Augustin d'Argentine - prof de surf de la session n° 4 : « Il s'agit de détermination ! Tu peux le faire ! Dis-le toi-même, crois-le - toi-même ! »
Le cours de surf n° 3 était frustrant, les conditions sur l'autre plage à Maroubra étaient un peu plus rudes. En plus, il fallait ramer soi-même, pas de grande prise ; il fallait plus s'adapter aux vagues. Je me suis souvent senti perdu, soit trop tard, soit trop tôt ou je ne pouvais même pas me tenir sur la planche. Ouf !

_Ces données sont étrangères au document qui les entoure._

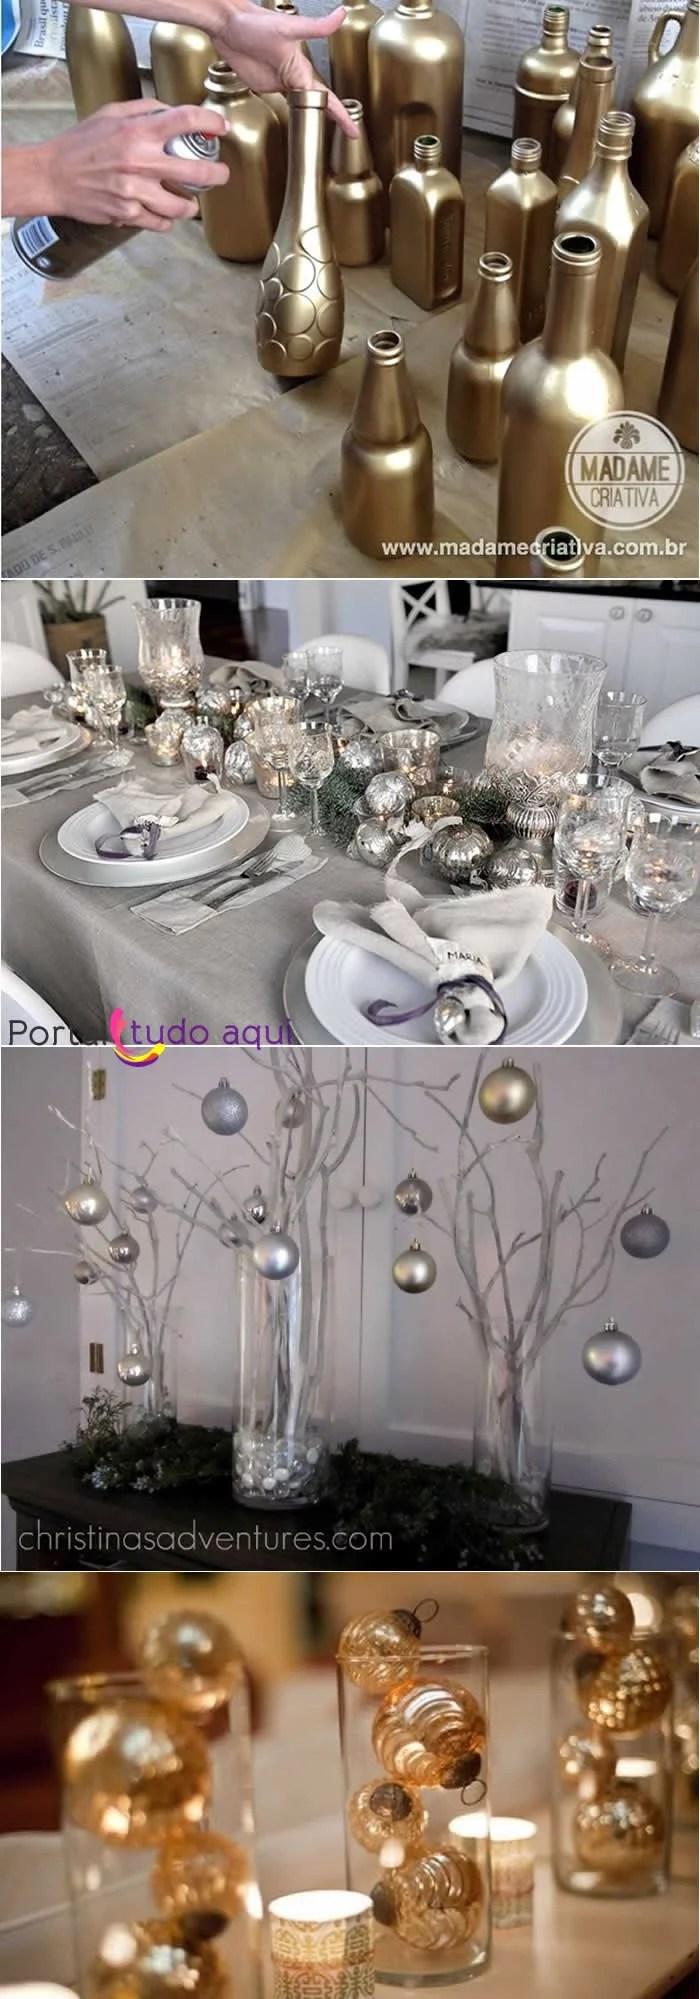 decoracao-baratinha-criativa-para-ano-novo-objetos-dourados-prateados

Cours de surf 4 : Augustin nous encourage tout de suite au début en disant que les conditions sont très bonnes. Les vagues me paraissent tout aussi grandes. Que voient les surfeurs que je ne vois pas ?
« Ça va vraiment bien se passer ! », souligne Augustin à plusieurs reprises. Je le crois simplement. Il est 7 heures du matin, le soleil brille. C'est vraiment une chouette matinée, presque sans nuages, soleil, 24 degrés, léger vent. Augustin déborde d'énergie et trouve manifestement son travail vraiment à son goût - cela se transmet. L'eau, les vagues et le surf, le soleil, cela semble détendre et faire du bien aux gens. Cheveux mouillés, chapeau humide et un large sourire. Augustin prêche presque d'une manière mais en même temps très décontractée : le surf est avant tout une question d'esprit. « Toujours regarder en avant. Tes pieds, ta tête savent ce qu'il faut faire. » Je ne suis pas si sûr, mais s'il le dit ! Tomber est amusant, se lever l'est encore plus et avec le temps, cela réussit encore plus.
Encore un retour, là où sont les bonnes vagues, ne pas nager contre le courant, mais apprendre à lire les vagues et utiliser la force du courant pour aller là où je veux aller avec la planche.
« Jump on. » - Saute sur !
La vague arrive - rame !
« Let’s go ! » - C'est parti !
Beaucoup à apprendre, en dehors de la zone de confort - et en même temps ou justement à cause de cela : vraiment bien!